___ Data extract ___

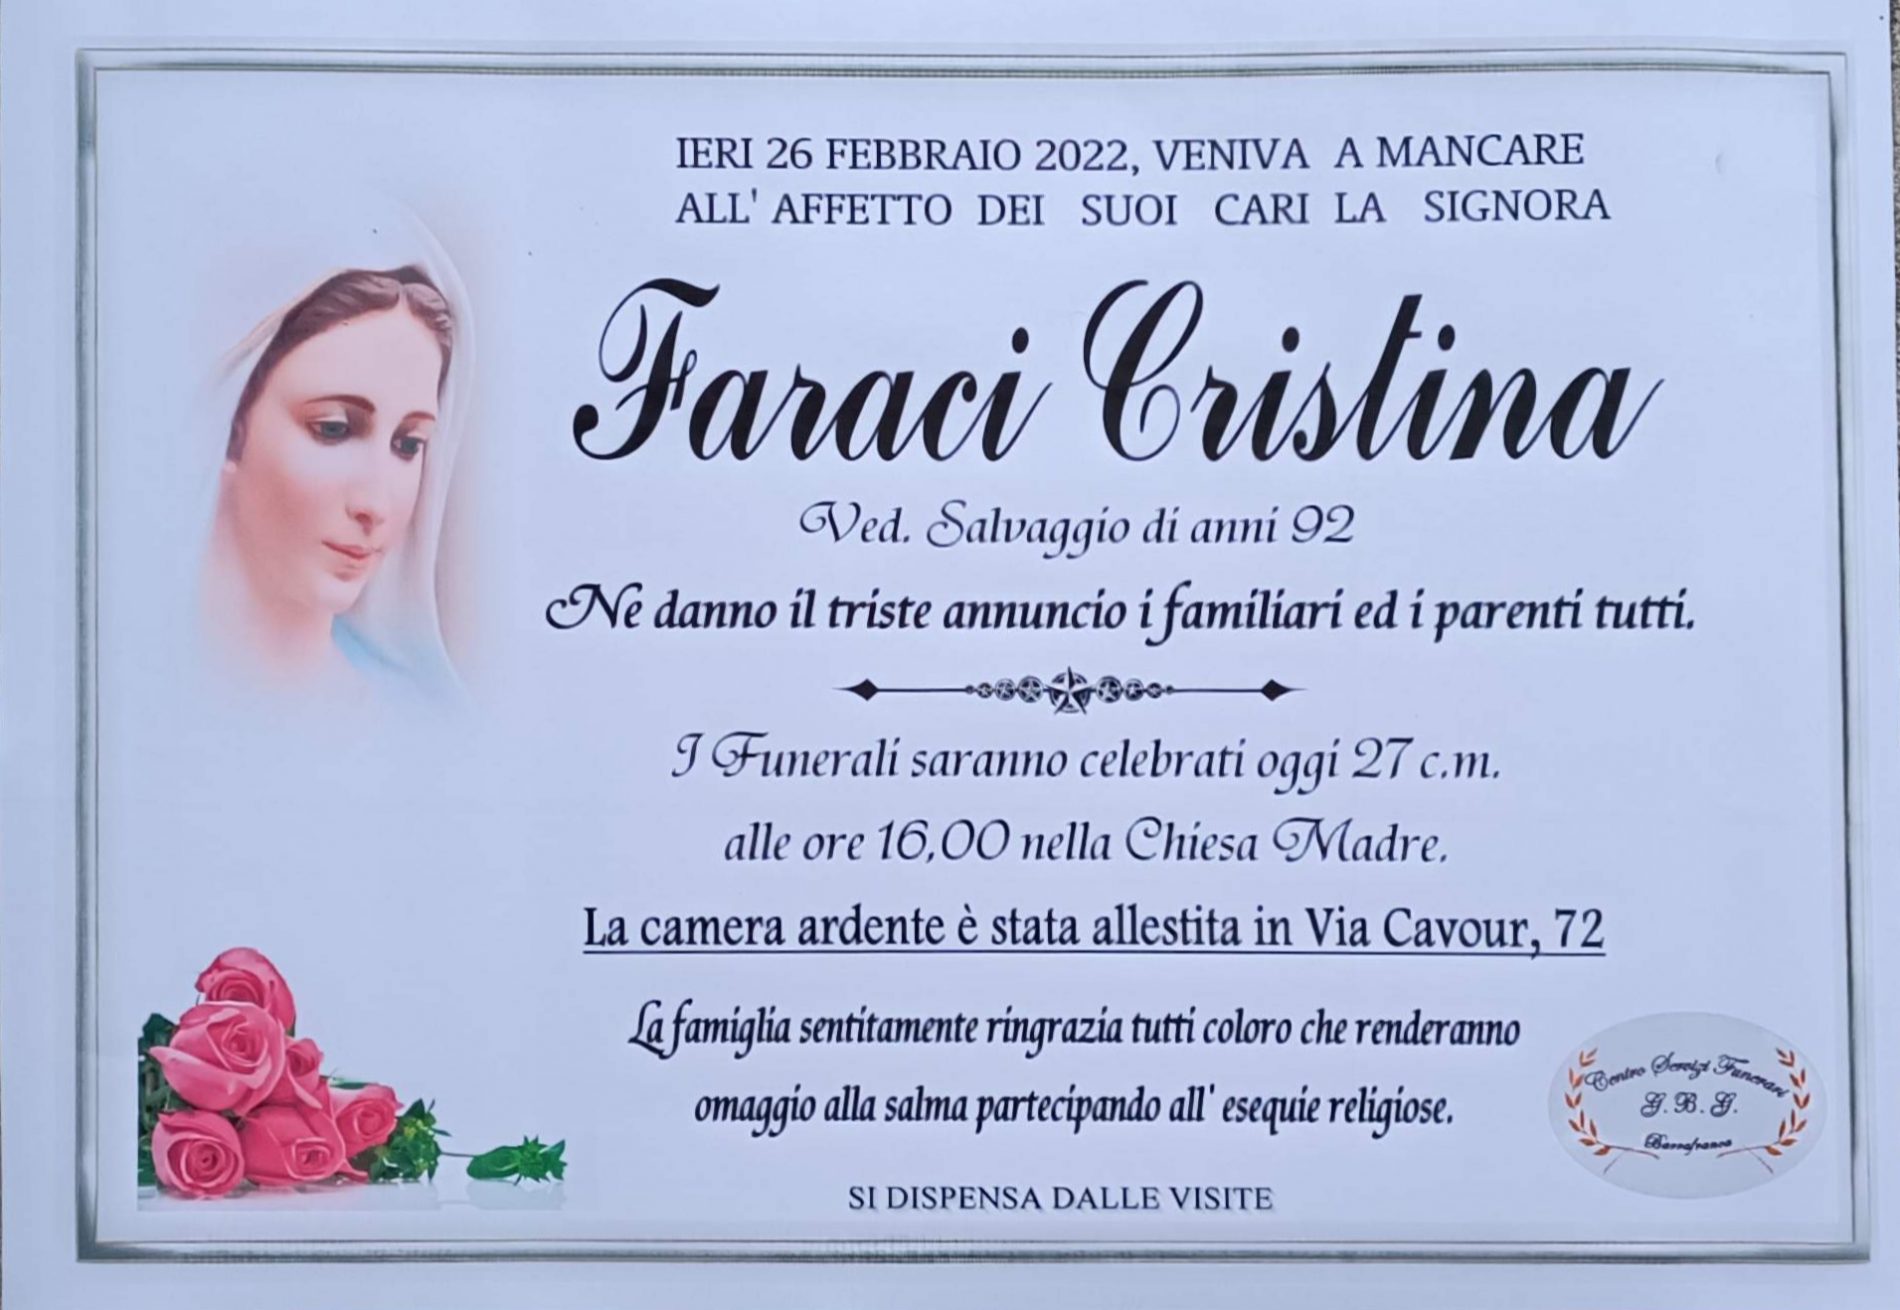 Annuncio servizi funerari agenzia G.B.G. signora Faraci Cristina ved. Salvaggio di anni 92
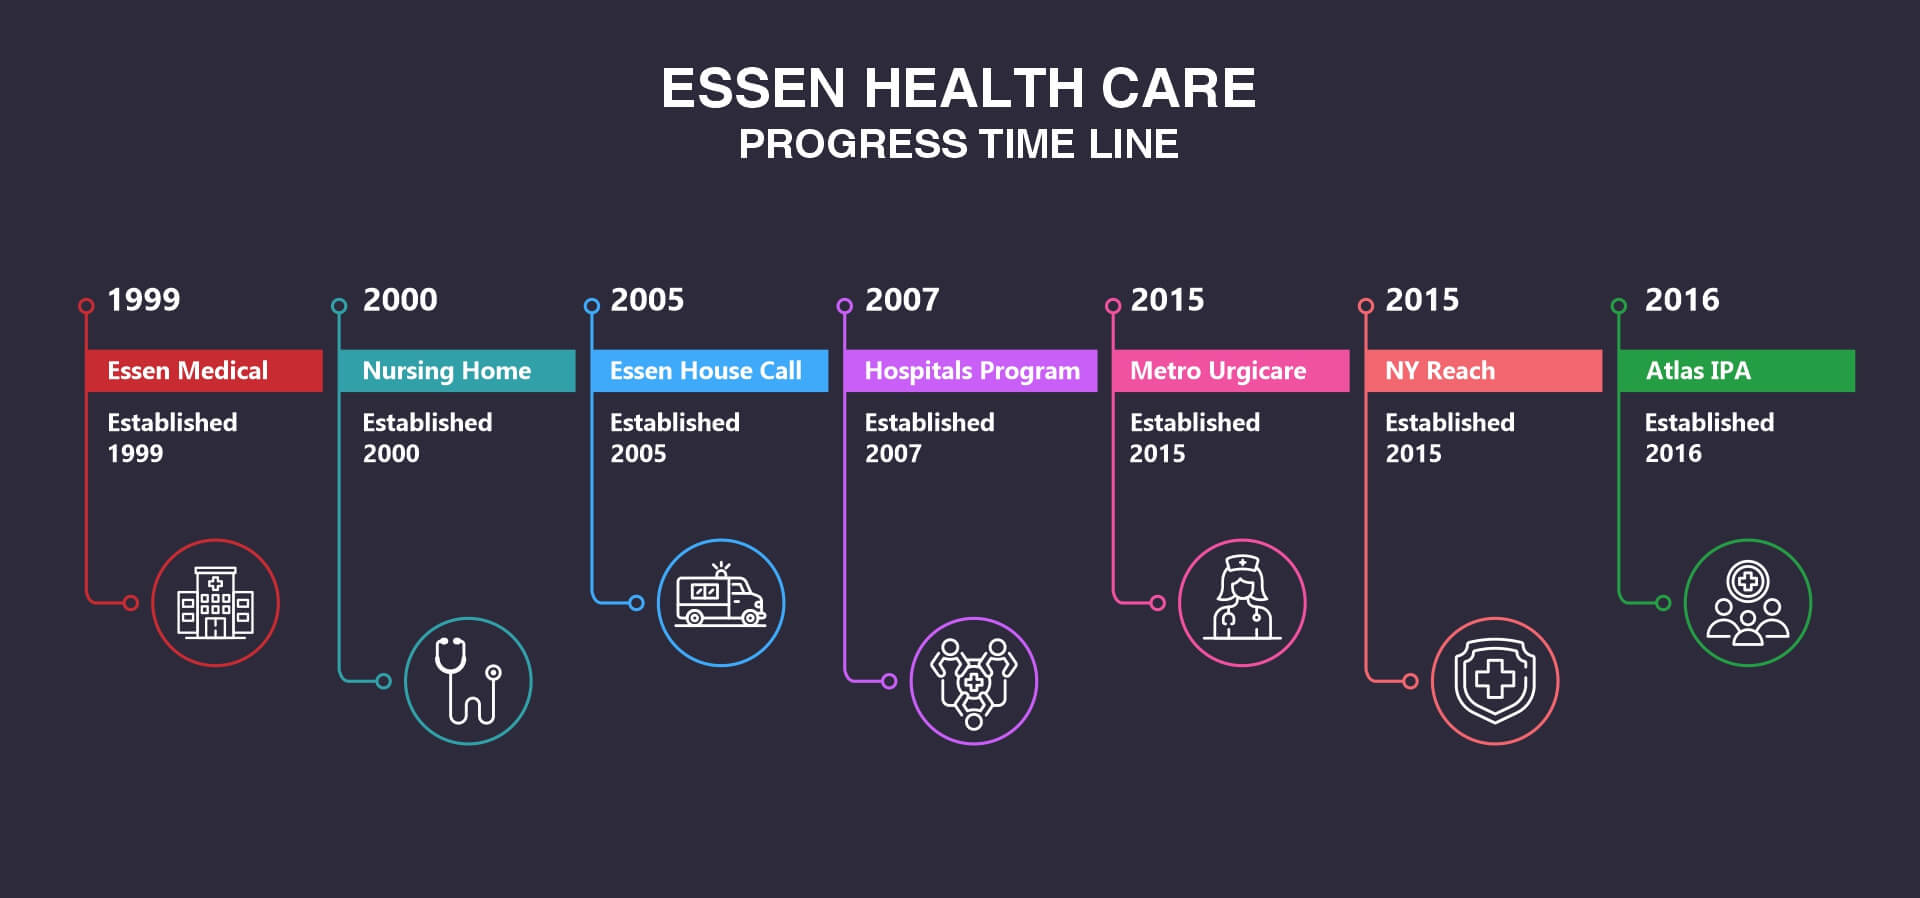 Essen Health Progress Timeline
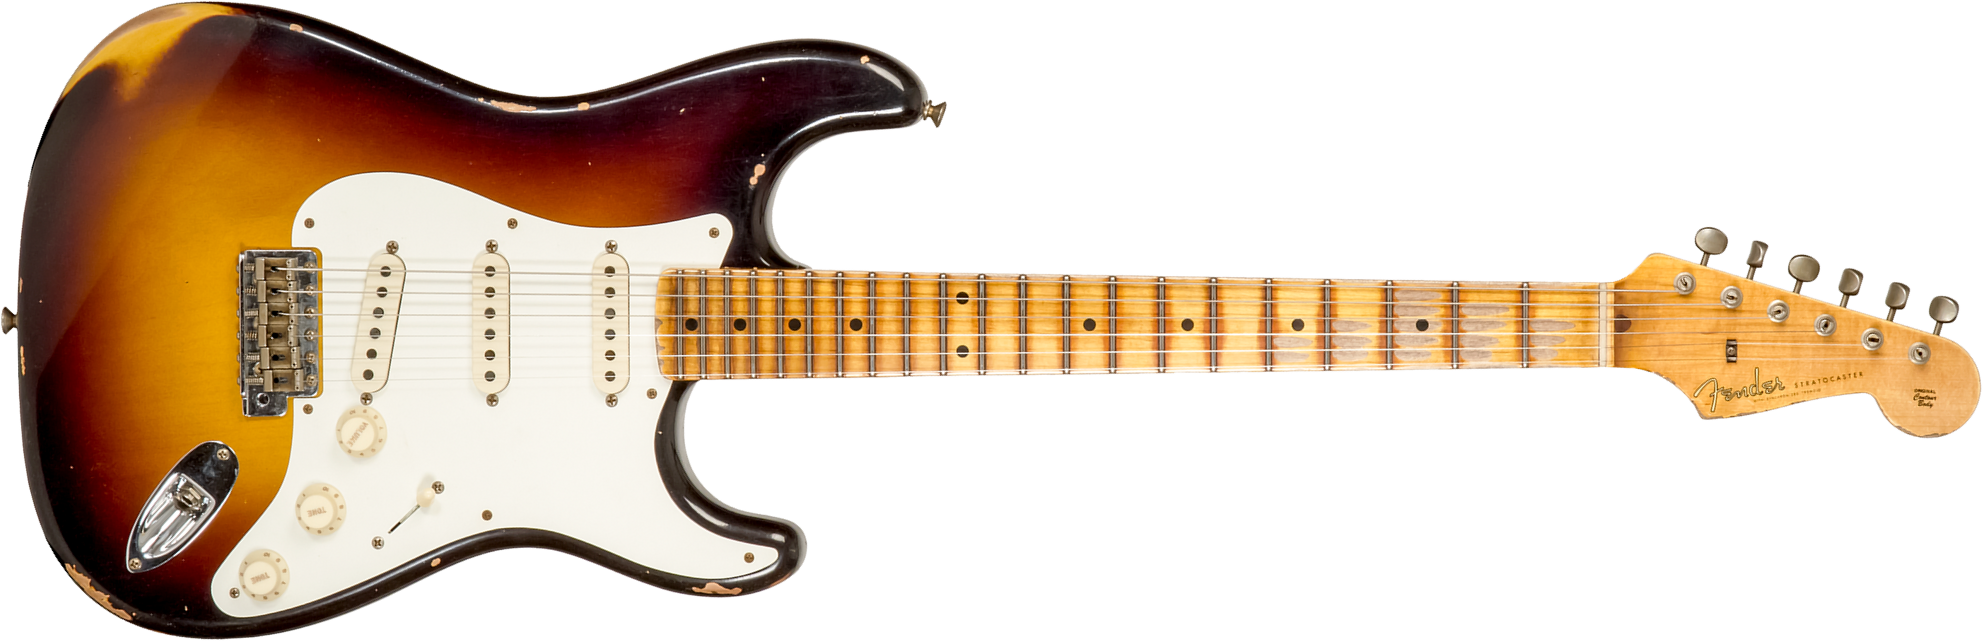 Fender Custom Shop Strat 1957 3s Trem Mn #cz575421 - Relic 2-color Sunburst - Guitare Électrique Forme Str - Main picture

___

__Task to carry out__:
Transcribe all lines above exactly, skipping pictures.

__Written response__:
 Annuncio servizi funerari agenzia G.B.G. signora Faraci Cristina ved. Salvaggio di anni 92
 Essen Health Progress Timeline
 Fender Custom Shop Strat 1957 3s Trem Mn #cz575421 - Relic 2-color Sunburst - Guitare Électrique Forme Str - Main picture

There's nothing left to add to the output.